§ PROBLEM DESCRIPTION
The result should be the full listing copied exactly, with no pictures in it.

*** INPUT DATA Section Begins ***

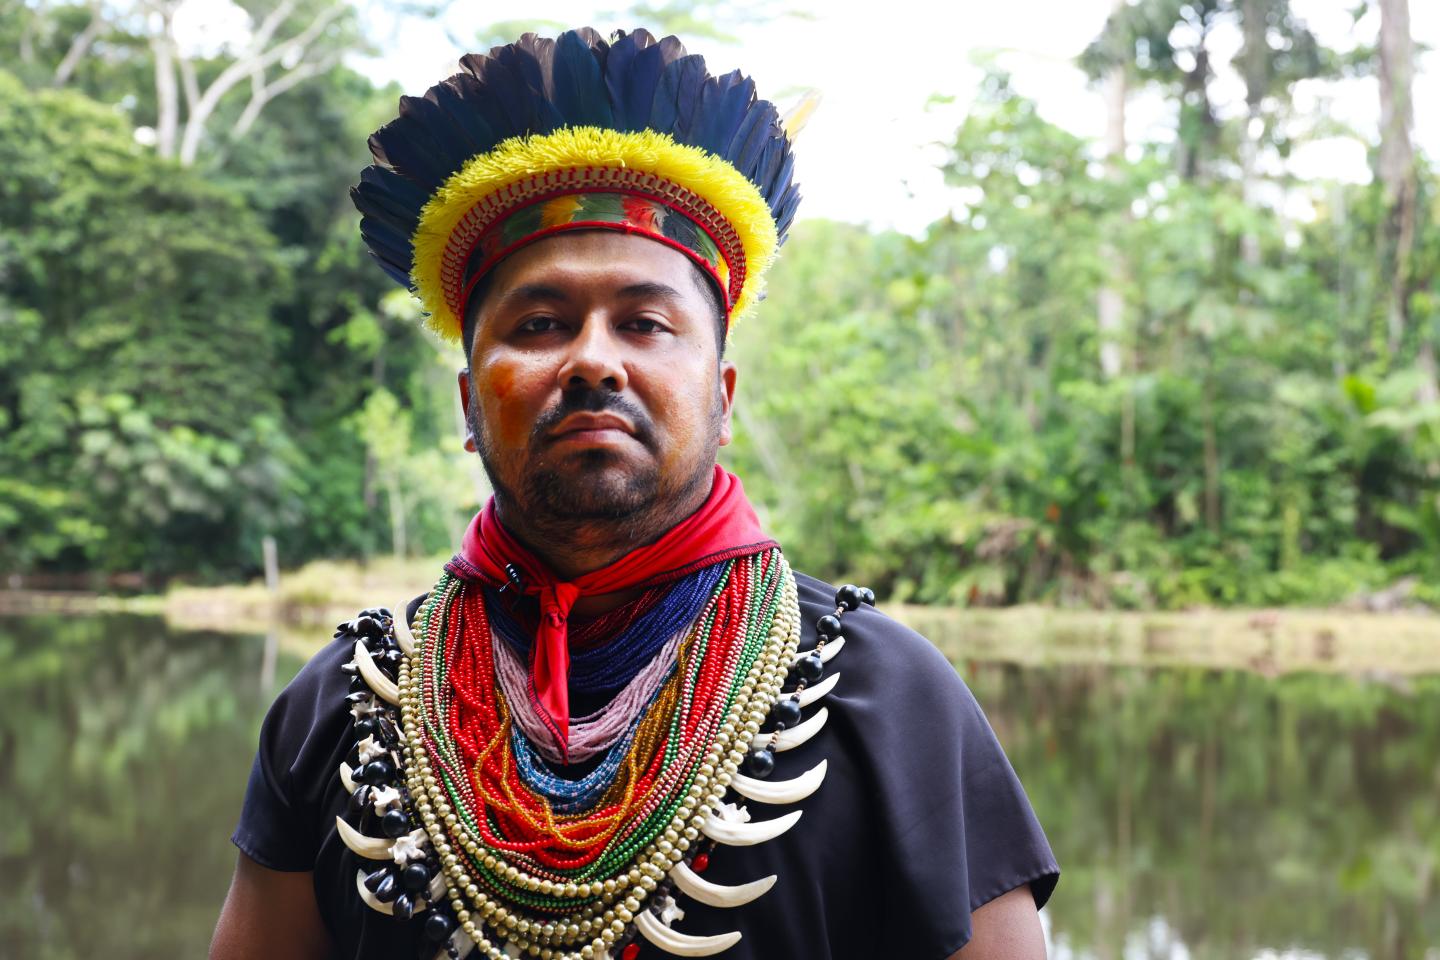 A photo of indigenous leader Ramiro Ortiz, who lives in Ecuador's Amazon rainforest.
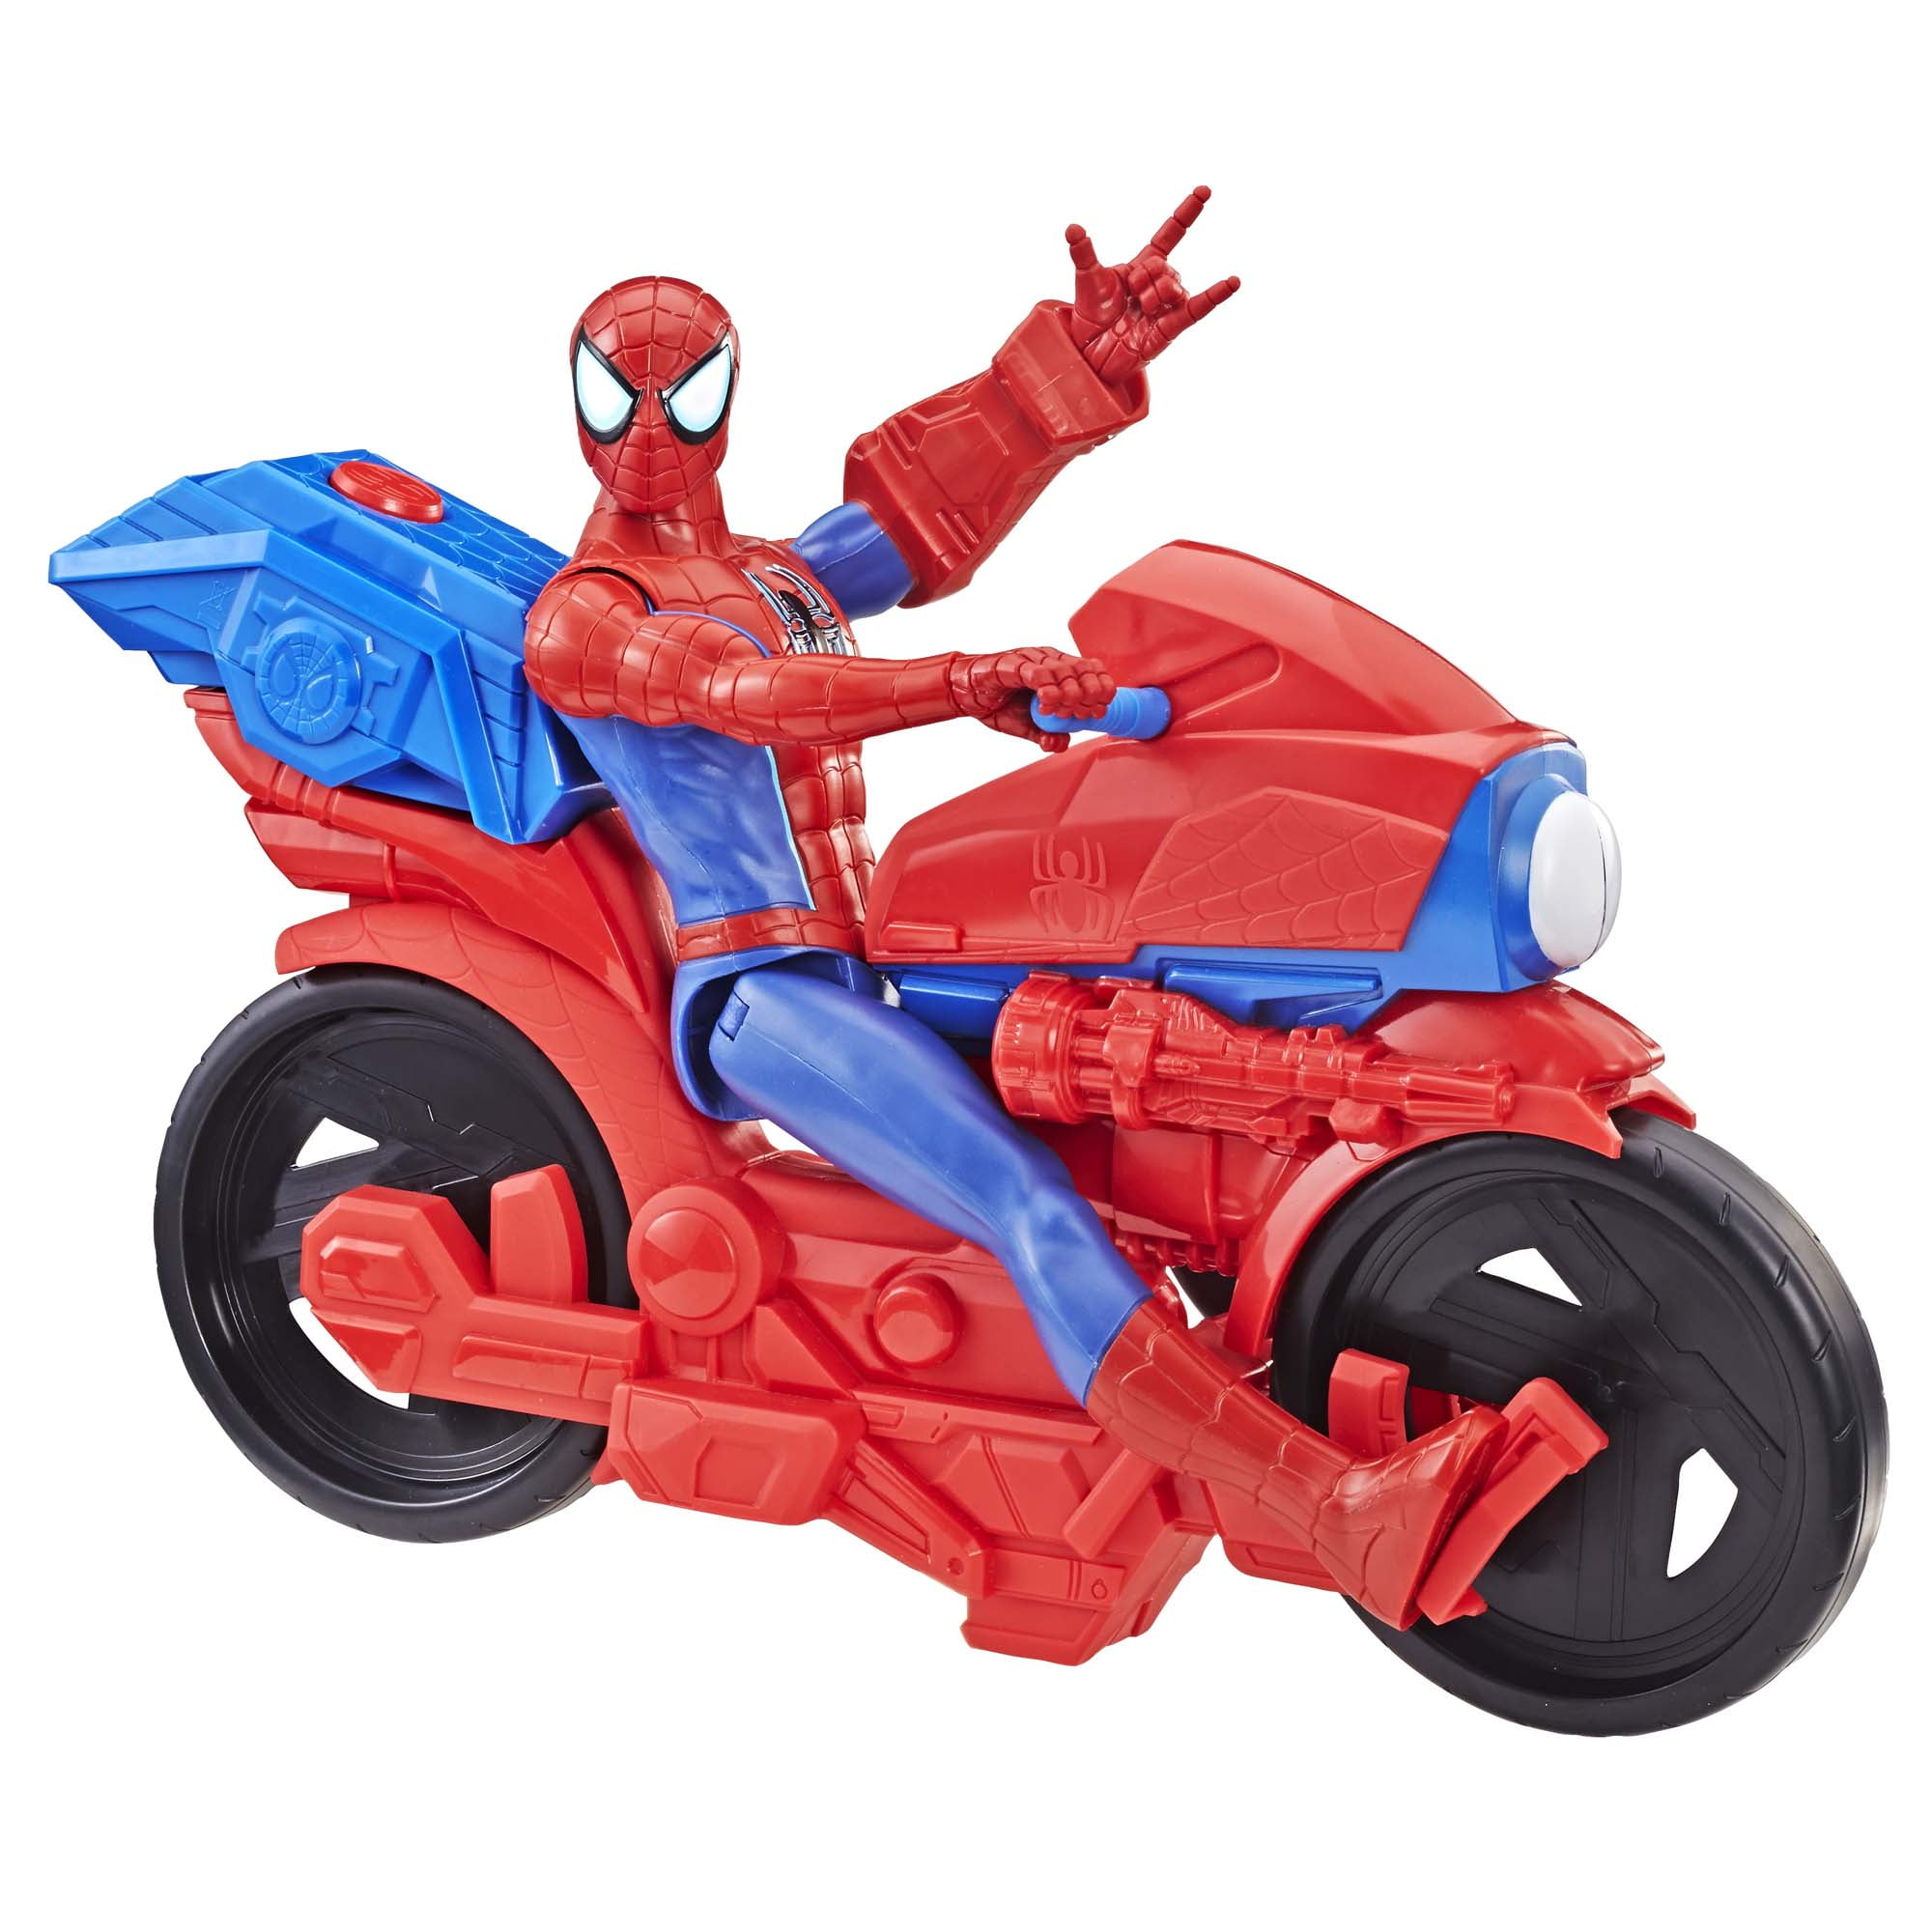 WALL charger AC adapter 8F4 KT1506WM KIDTRAX Marvel Spiderman Spiderbike ride on 
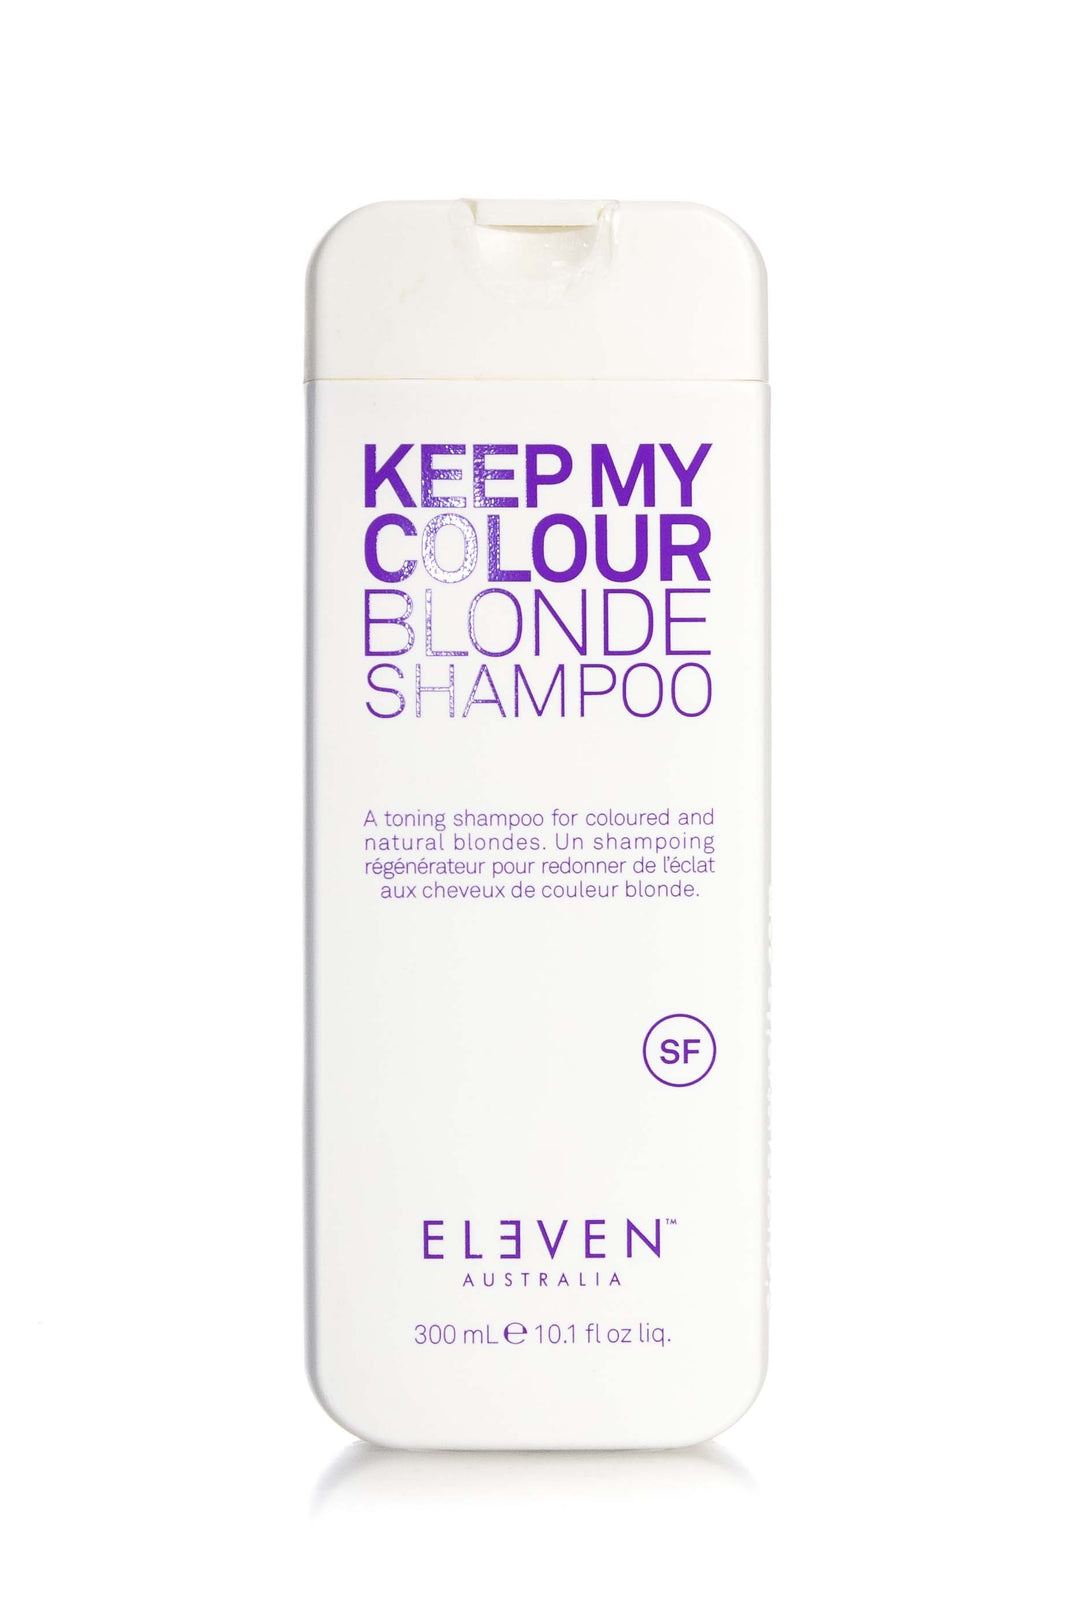 Eleven Keep My Colour Blonde Shampoo

*** INPUT DATA Section Ends ***

§ ANSWER SPACE
 A photo of indigenous leader Ramiro Ortiz, who lives in Ecuador's Amazon rainforest.
 WALL charger AC adapter 8F4 KT1506WM KIDTRAX Marvel Spiderman Spiderbike ride on 
 Eleven Keep My Colour Blonde Shampoo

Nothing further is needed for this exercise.